Monday, 19 July 2010

Lazing on a sunny afternoon

Good lord, it's hot. I have (too much information coming up here ALERT) been sweaty pretty much constantly since arriving. Whew. Thankfully, it seems the New Yorkers are just as unused to dealing with the stickiness as I am.


So, the weekend has been and gone. Saturday was spent much as I would spend a sunny Saturday in London - getting very pink legs in the park with my flatmate, then drinking wine with her in the evening. We actually ended up in a sports bar, where I showed off my complte lack of sporting knowledge by talking to some real-life jocks who were friends of my flatmate. Yes, these people do actually exist. At least I could offer some half-convincing World Cup banter, which they were all surprisingly in to, despite having to watch the matches at strange times due to the time zones.


On Sunday I met up for brunch with Dara, who is a friend of my friend Jenn's - what a delight that was. I hadn't quite realised how much I was missing talking to people on a similar wavelength. Brunch is a big Sunday thing here. Dara was explaining that it basically happens any time between 11 and 3, and usually involves cocktails. I passed on the cocktails, given how hot it is and how generally dehydrated I am at all times at the moment. We went to a place near my flat, as Dara used to live on the same street a little bit further up. The place is called Rose Water, and despite being a little pricey, was really very nice and highly recommended. I had scrambled eggs with roast potatoes, bacon and a minted pea and rocket salad - basically, the nearest thing this place does to a full English.


Dara then showed me some of Brooklyn - her neighbourhood, Boerum Hill, plus some really lovely bits of Brooklyn Heights. We came across some Bastille Day celebrations - basically, lots of people playing petanque in the street whilst drinking Pernod. Again, I turned down the booze.



Today I decided that, as I woke up to thundery rain, I would go to the Metropolitan Museum of Art. It is one of only a few of the big museums that has a suggested donation rather than a hefty ticket entry price. Sadly, it is closed on Mondays (READ THE BLOOMING GUIDEBOOK, SARAH) so instead I wandered through Central Park, stopping to eat my packed lunch by the boating lake. I then walked down 5th Avenue to Bloomingdales, stopping at FAO Schwartz to take a picture of the Big piano.
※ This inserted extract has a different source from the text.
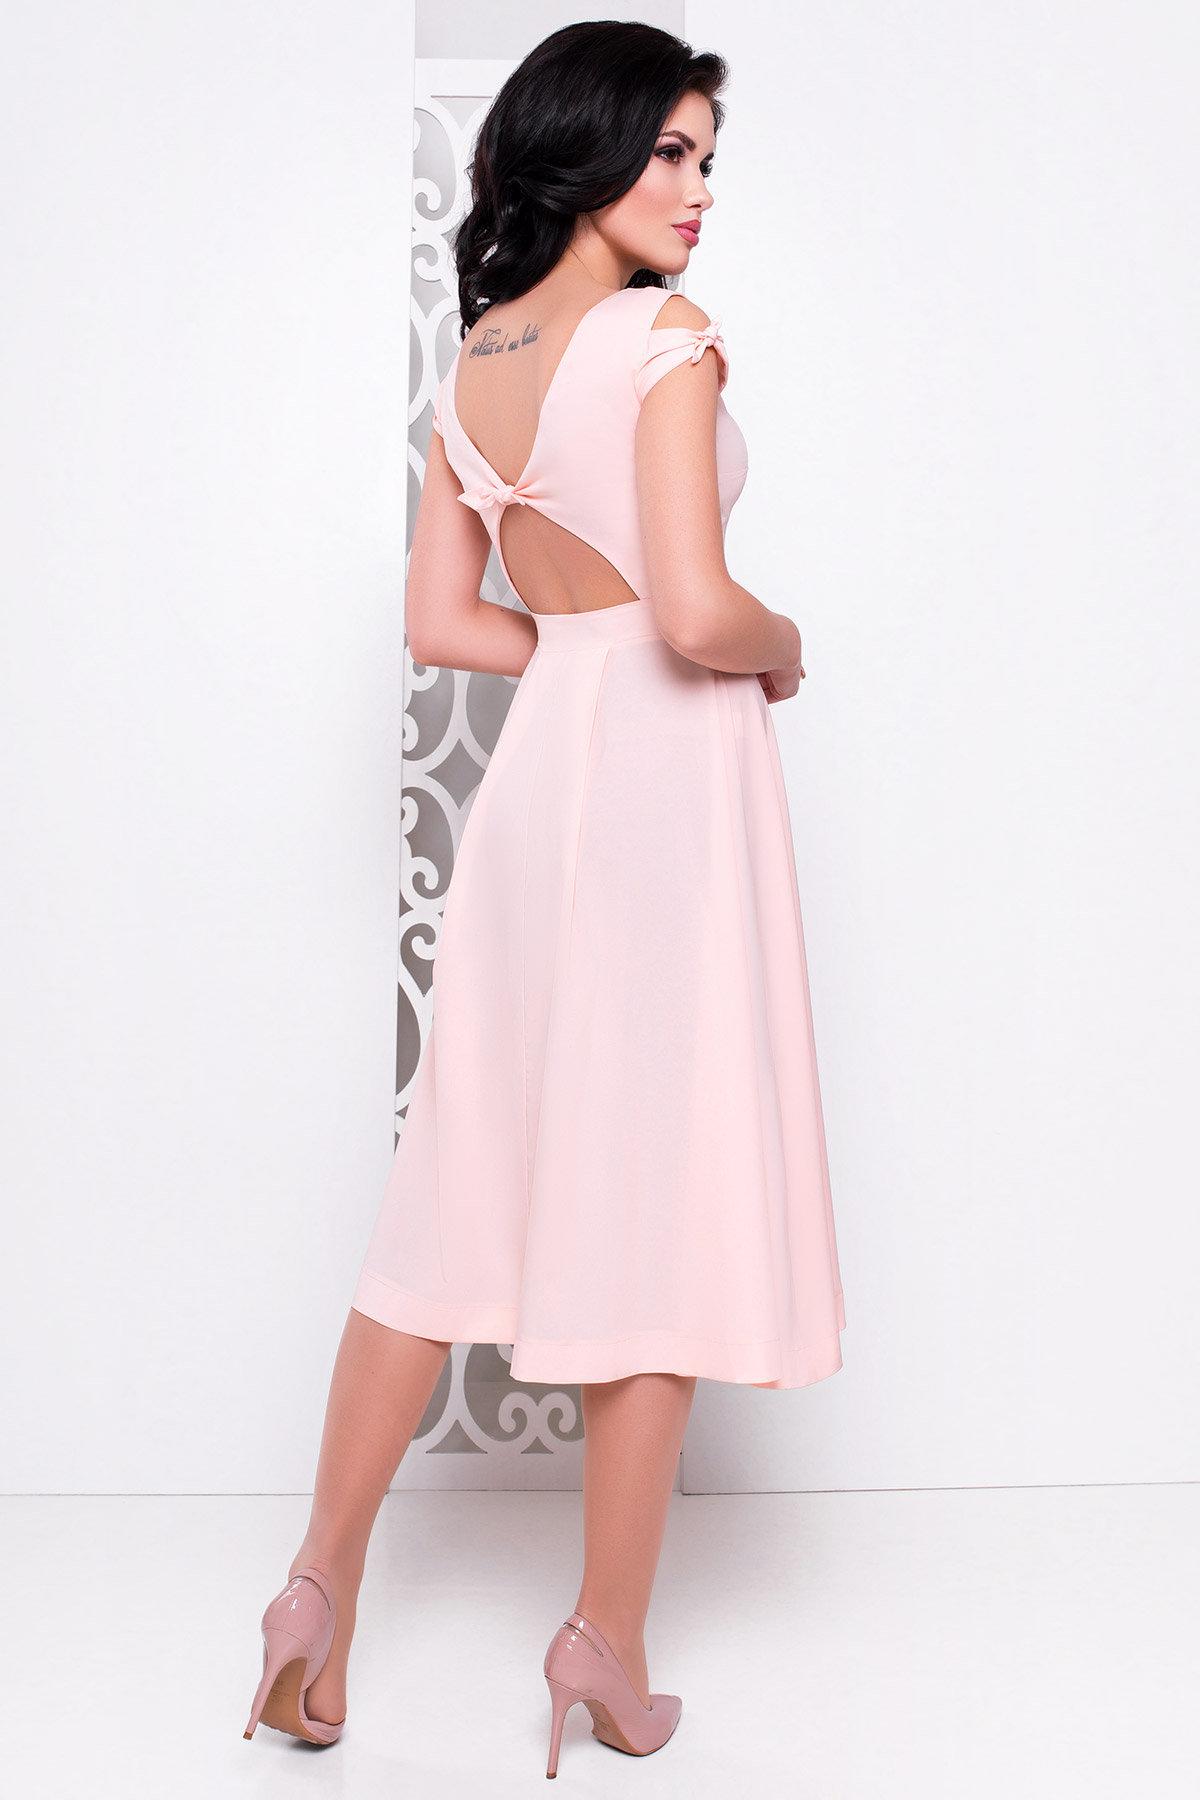 Платье Жадор миди 2929 АРТ. 15325 Цвет: Персик - фото 2, интернет магазин tm-modus.ru

Bloomingdales did not have a hat that I liked, so I kept walking down to the New York Public Library which, sadly for me, was completely swathed in scaffolding so I have no nice pictures of the outside. I shall have to go back at some point later in the trip to take some.





The NYPL is very different to the British Library, in that it is housed in a beautiful old building made of marble. Inside, the corridors are quiet and calm. The reading rooms were very beautiful, though I wasn't allowed to take pictures in them sadly. You'll just have to take my word for it. Something I also wasn't supposed to take pictures of is the Declaration of Independence handwritten by Thomas Jefferson. I didn't realise this until after I had been told off by a surly security woman, but I did get one blurry shot:



Anyway, I have been here nearly a week now. It feels like a really long time - not because anything is terrible, just because every day there's new stuff to look at and learn about. I have been laying the foundations to get my voluntary stuff under way, so hopefully will have some stuff to report back on it that area soon.